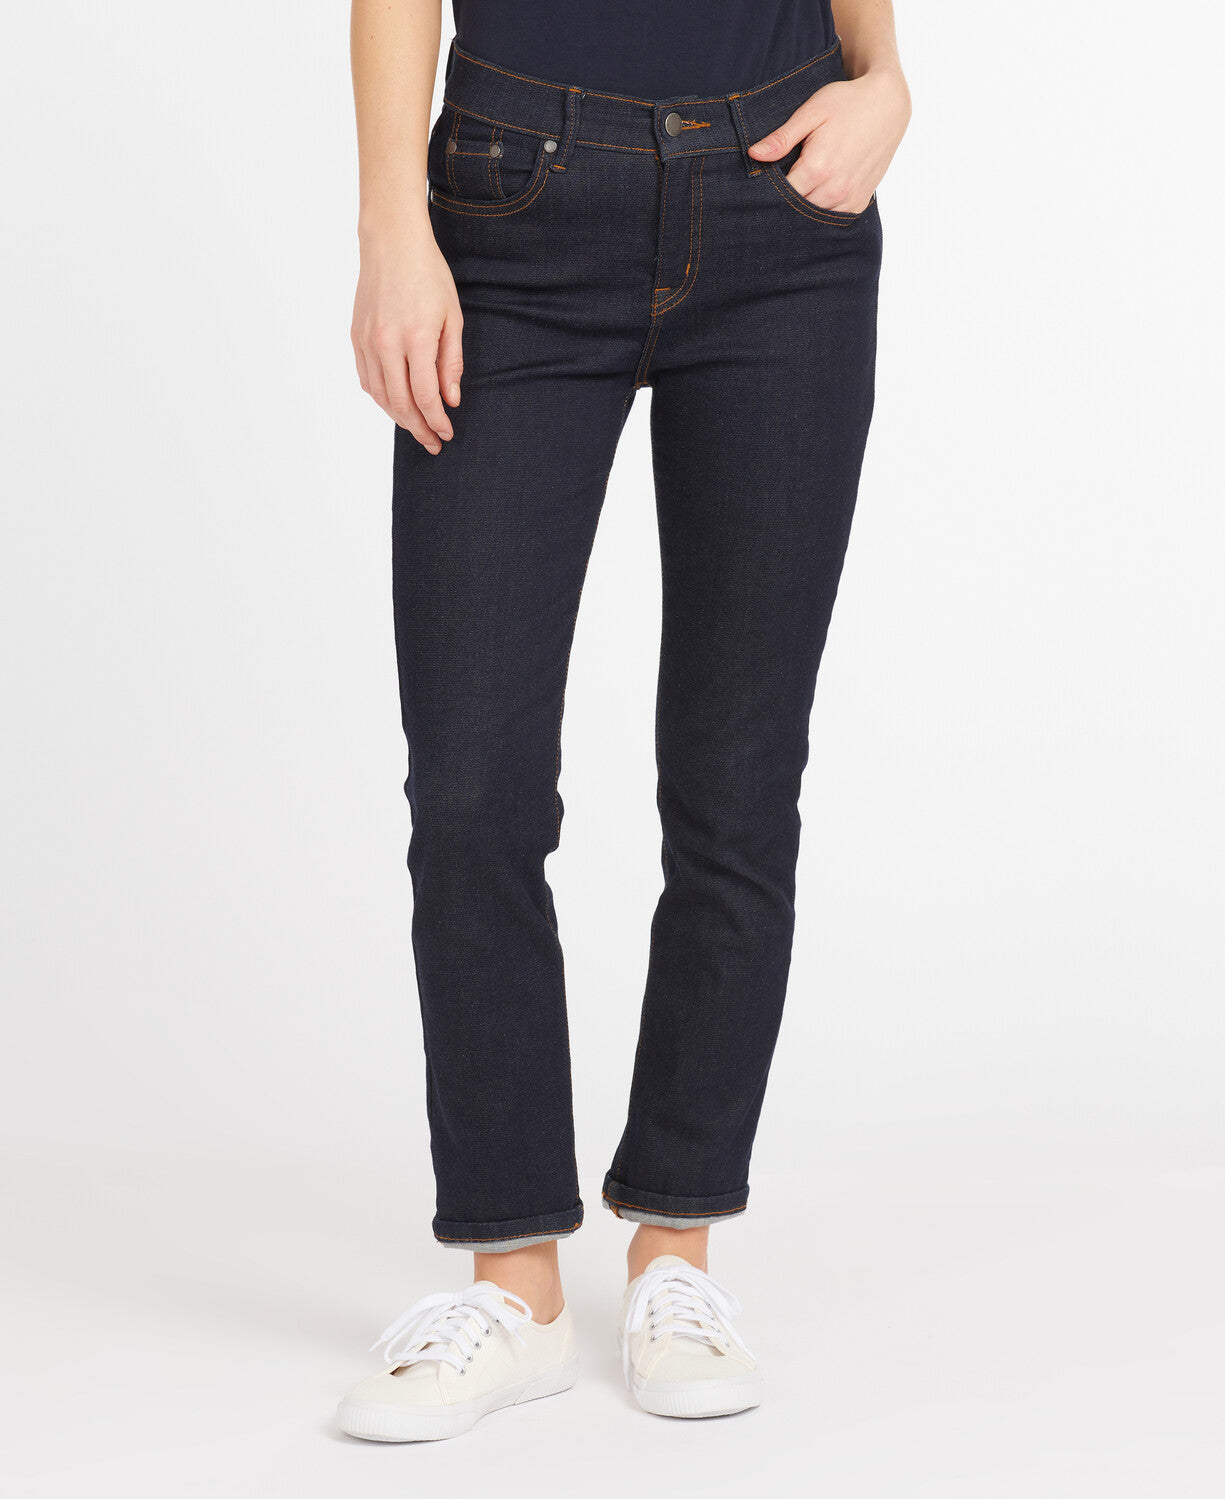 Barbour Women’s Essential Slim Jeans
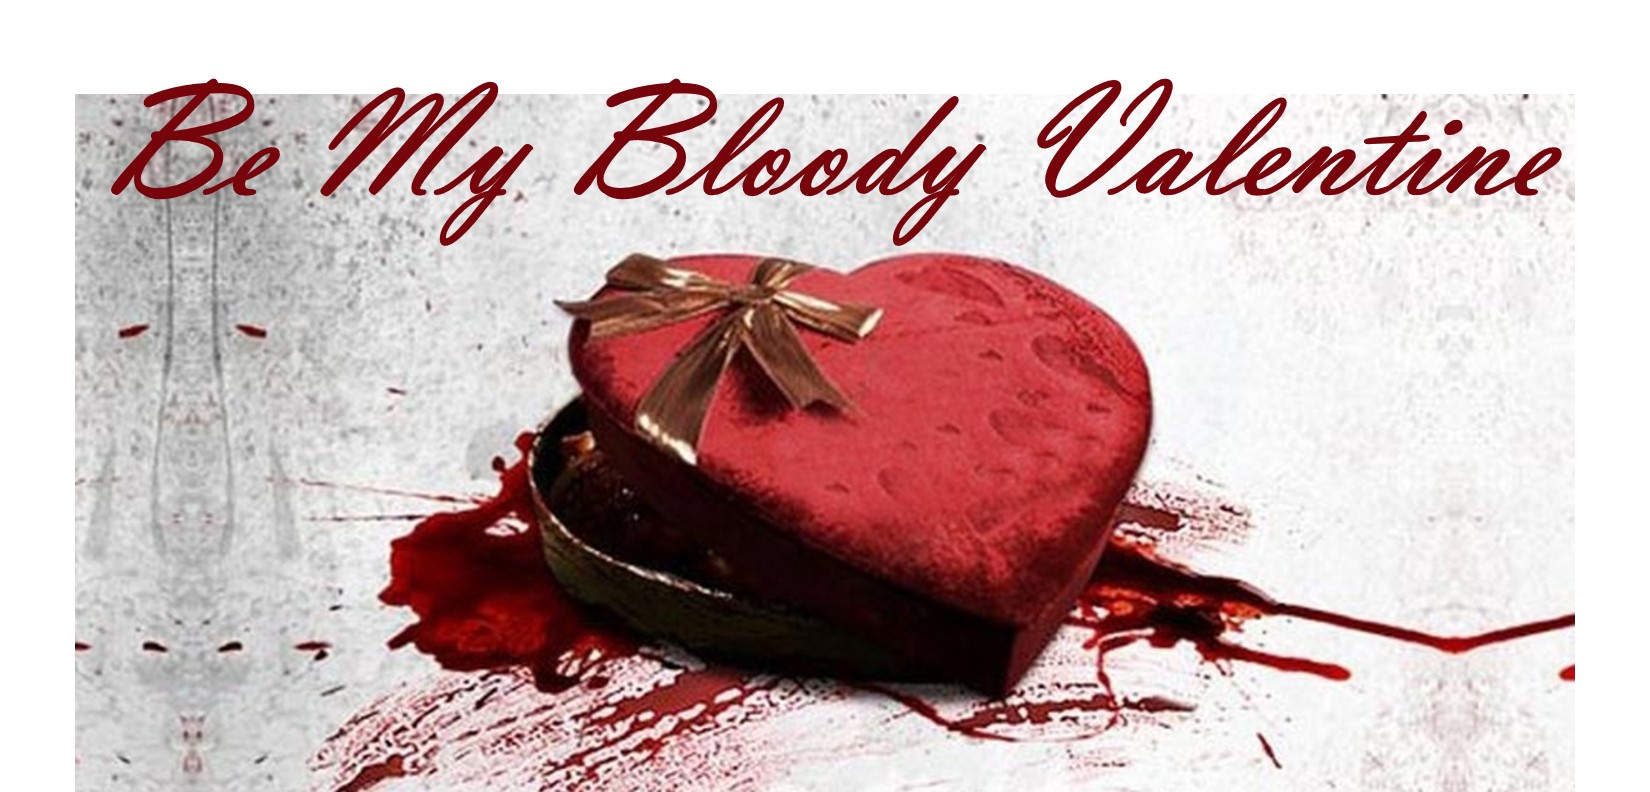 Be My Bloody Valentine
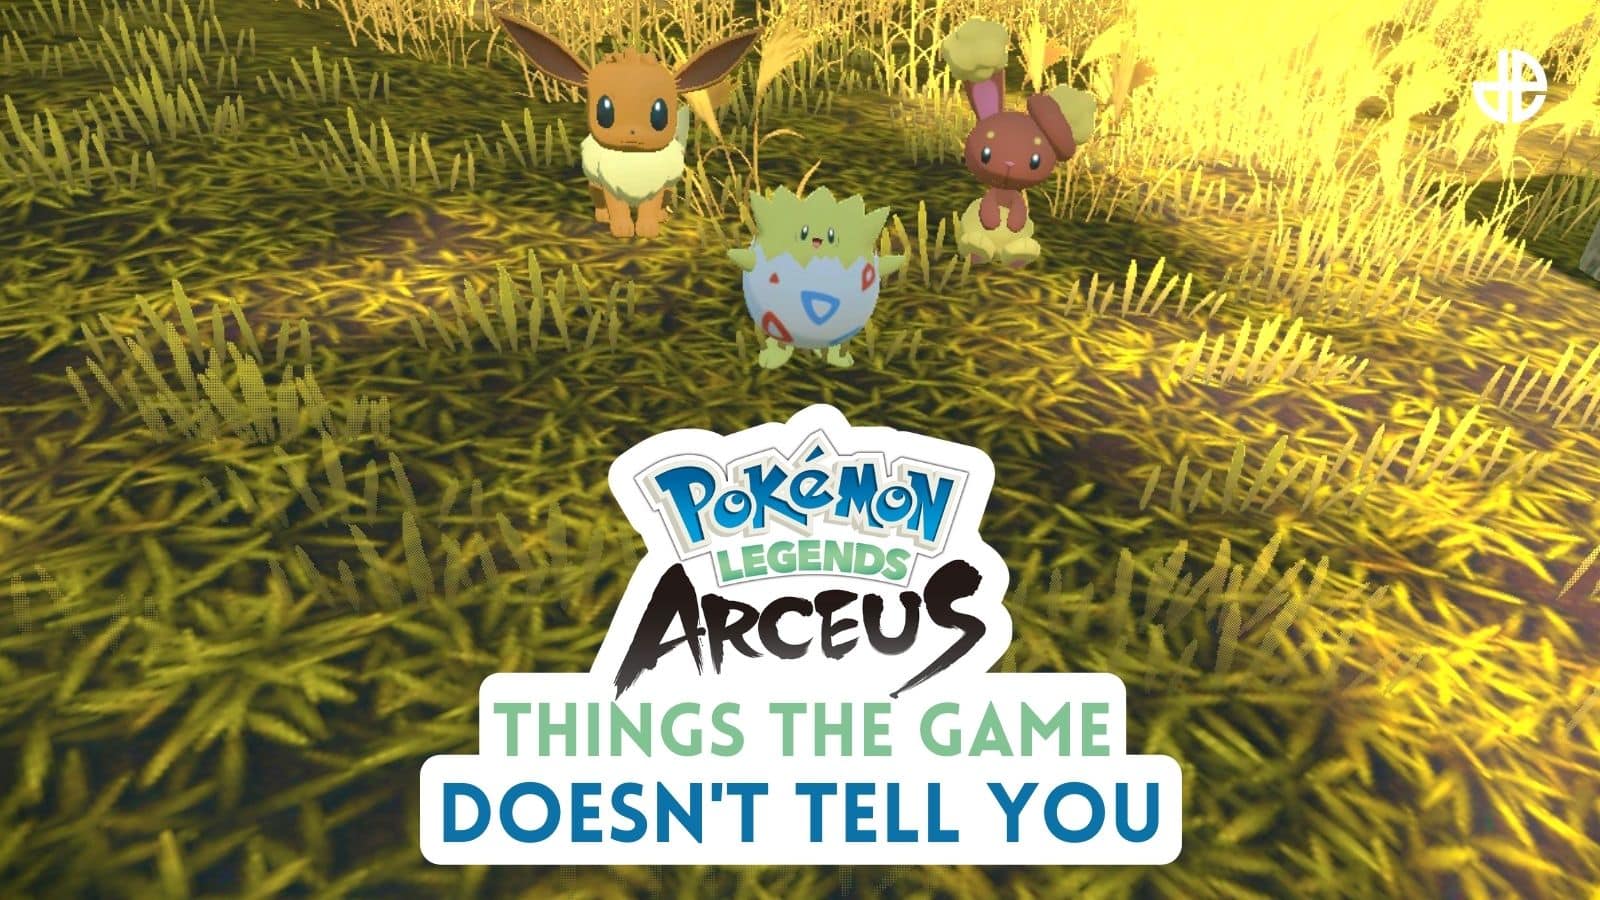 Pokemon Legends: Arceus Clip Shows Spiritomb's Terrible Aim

***

THE TASK - Return the whole listing exactly, minus its pictures.

ANSWER -
 Barbour Women’s Essential Slim Jeans
 Be My Bloody Valentine
 Pokemon Legends: Arceus Clip Shows Spiritomb's Terrible Aim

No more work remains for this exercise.